Der gesamte Jahresablauf war von Bräuchen und Festen durchzogen: Am Abend vor dem Dreikönigsfest (6. Jänner, „Santa Guania“) zog man betend durch das Haus, besprengte die Räume mit Weihwasser und beräucherte sie mit Weihrauch, um Unglück und Unwetter fern zu halten. Der Blasiussegen mit geweihten Kerzen (3. Februar) sollte vor Halskrankheiten schützen. Während der vierzigtägigen Fastenzeit wurden die Fastengebote streng eingehalten, am Palmsonntag Olivenzweige geweiht, Andachten und Beichte in der vorösterlichen Beichtwoche fleißig besucht. Nach den Karfreitagszeremonien, den Gebeten am geschmückten Heiligen Grab, begleitet vom Lärm hölzerner Ratschen, freute man sich auf Ostern. Am Ostersonntag wurden Brot, Eier, Speck und Kren in der Kirche geweiht. Gleich nach dem Hochamt traf man sich zum „Eierpecken“, wobei sich der Sieger auf die Eier der Verlierer freute. Am Montag besuchten die jungen Burschen die Mädchen, um die bemalten Eier abzuholen, die sie am Josefitag (19. März) bestellt hatten. Nicht abgeholte Bestellungen mussten am darauffolgenden Tag im Garten vergraben werden. Ab der ersten Juniwoche zog man jeden Sonntag vor dem Hochamt mit dem Allerheiligsten um die Kirche, um für gutes Wetter und eine reichliche Korn- und Heuernte zu bitten.
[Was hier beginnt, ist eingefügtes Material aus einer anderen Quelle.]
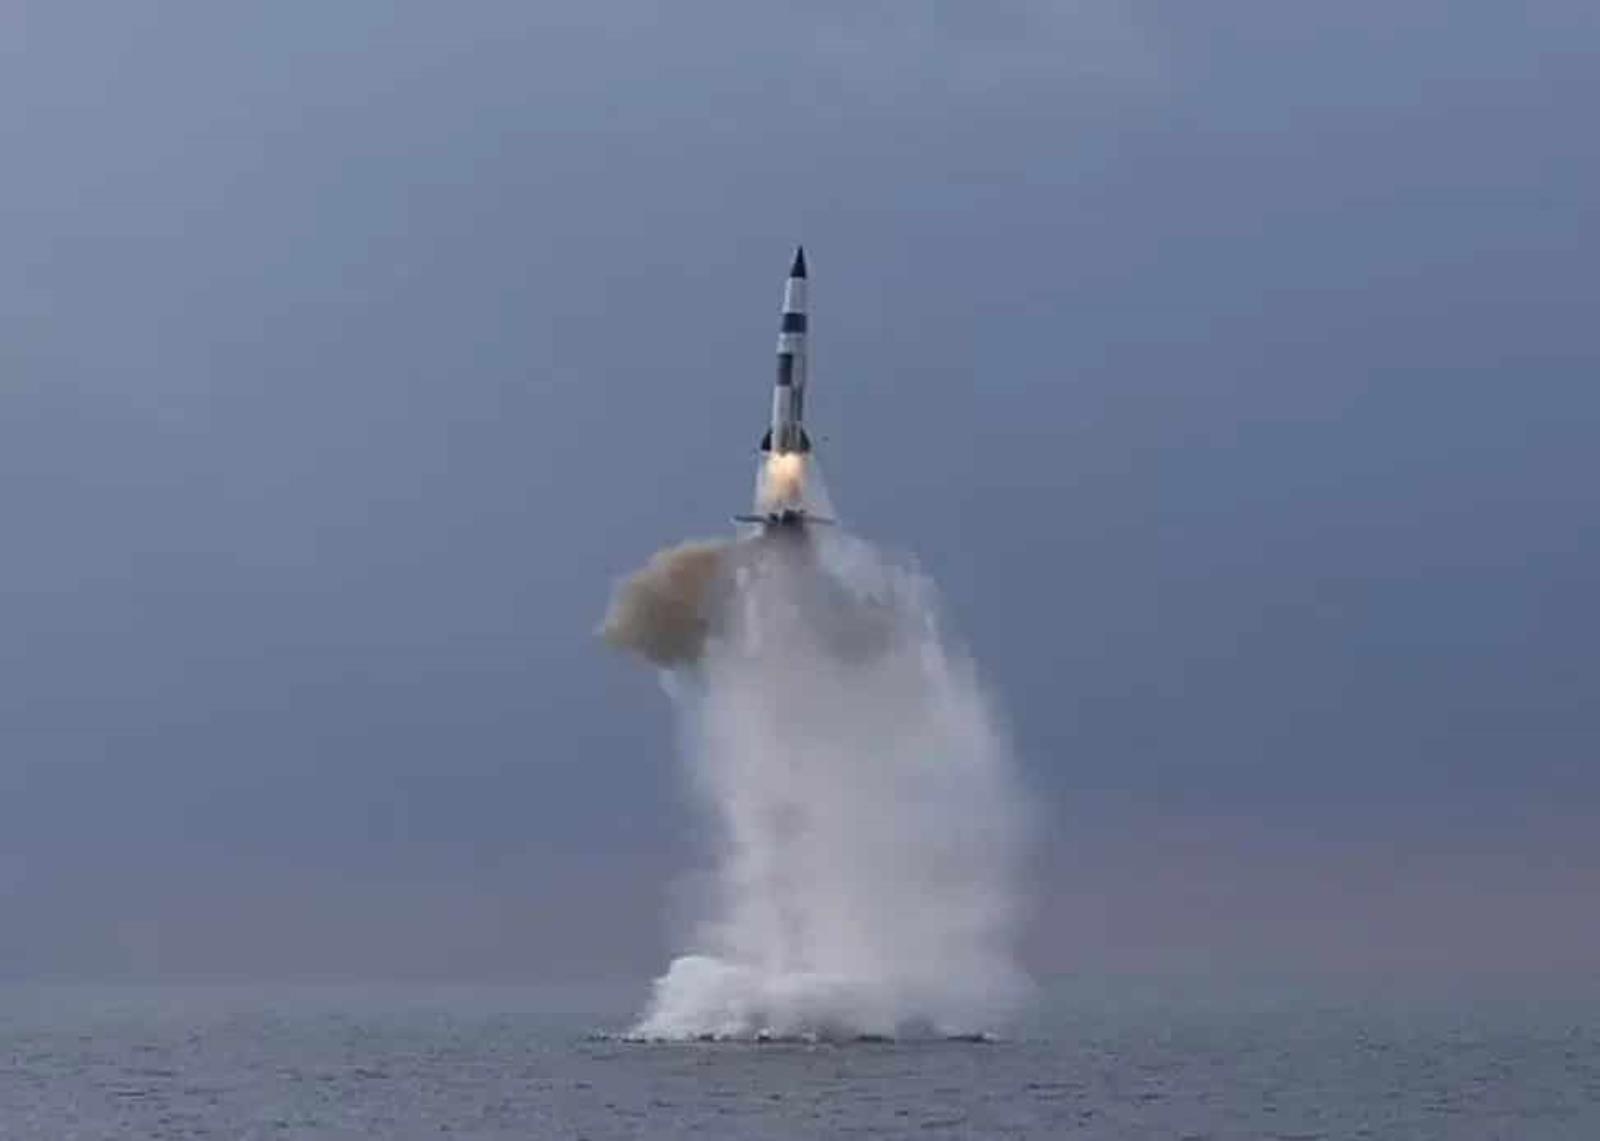 Północnokoreański balistyczny pocisk wystrzelony z okrętu podwodnego. To kolejna wiadomość do “Zgniłego Zachodu”
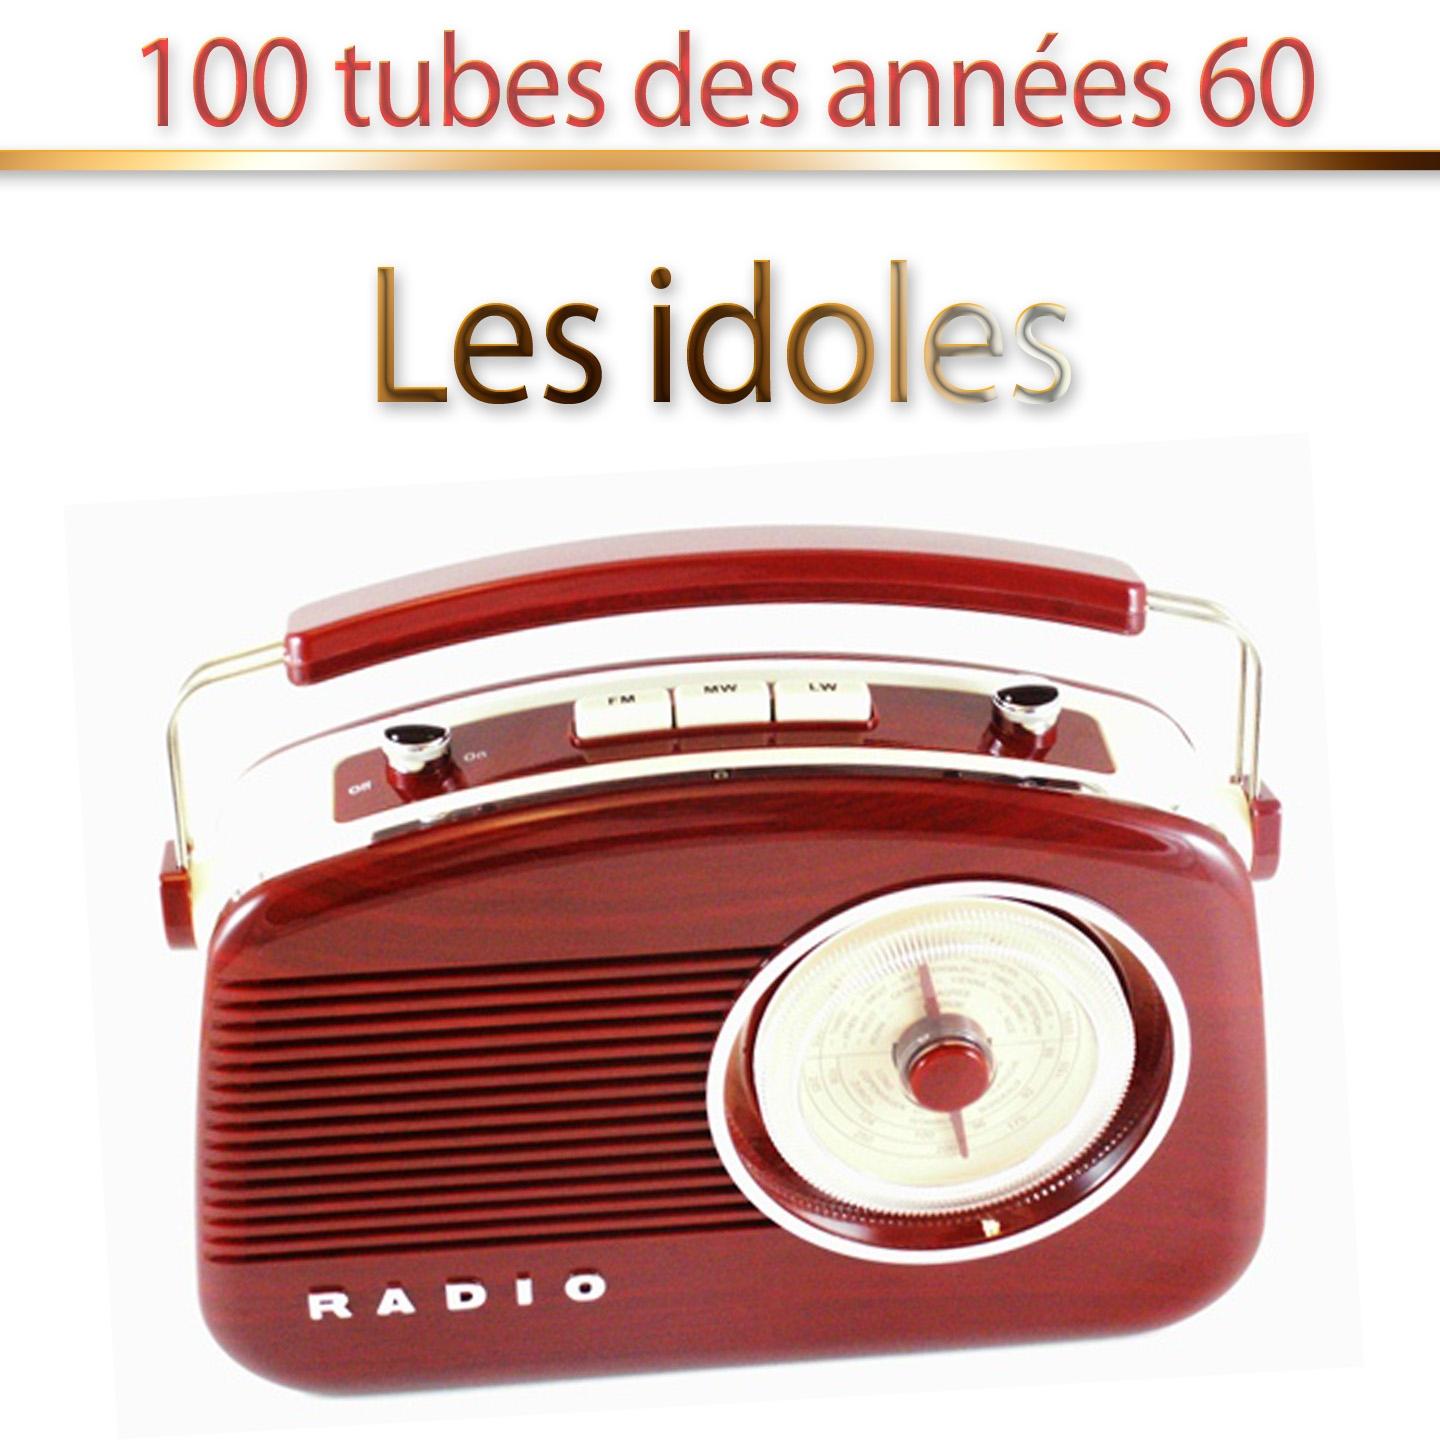 Les idoles (100 tubes des années 60)

Zu Fronleichnam, am Donnerstag, wurde eine feierliche Prozession abgehalten. In Wolkenstein fand diese jeweils erst am Sonntag statt, musste man dort doch auf den Kuraten aus St. Christina warten. Der Kirchtag im Juli wurde von der Pfarrgemeinde mit großer Freude gefeiert. Beim feierlichen Hochamt sang der Kirchenchor, dann sorgten leckere Mohnkrapfen, Musik und Tanz für eine festliche Stimmung. Zu Maria Himmelfahrt (15. August) wurden Blumen in der Kirche geweiht. Unters Heu gemischt sollten sie zum guten Gedeihen des Viehs beitragen. Im Advent besuchte man fleißig das Guldenamt und bereitete sich auf die Geburt des Herren vor. Am Stefanstag weihte der Priester Salz und Wasser. Die Frauen erschienen zu diesem Anlass zumeist in der Grödner Tracht, wobei sie ihre Hände in einem Pelzmuff wärmten.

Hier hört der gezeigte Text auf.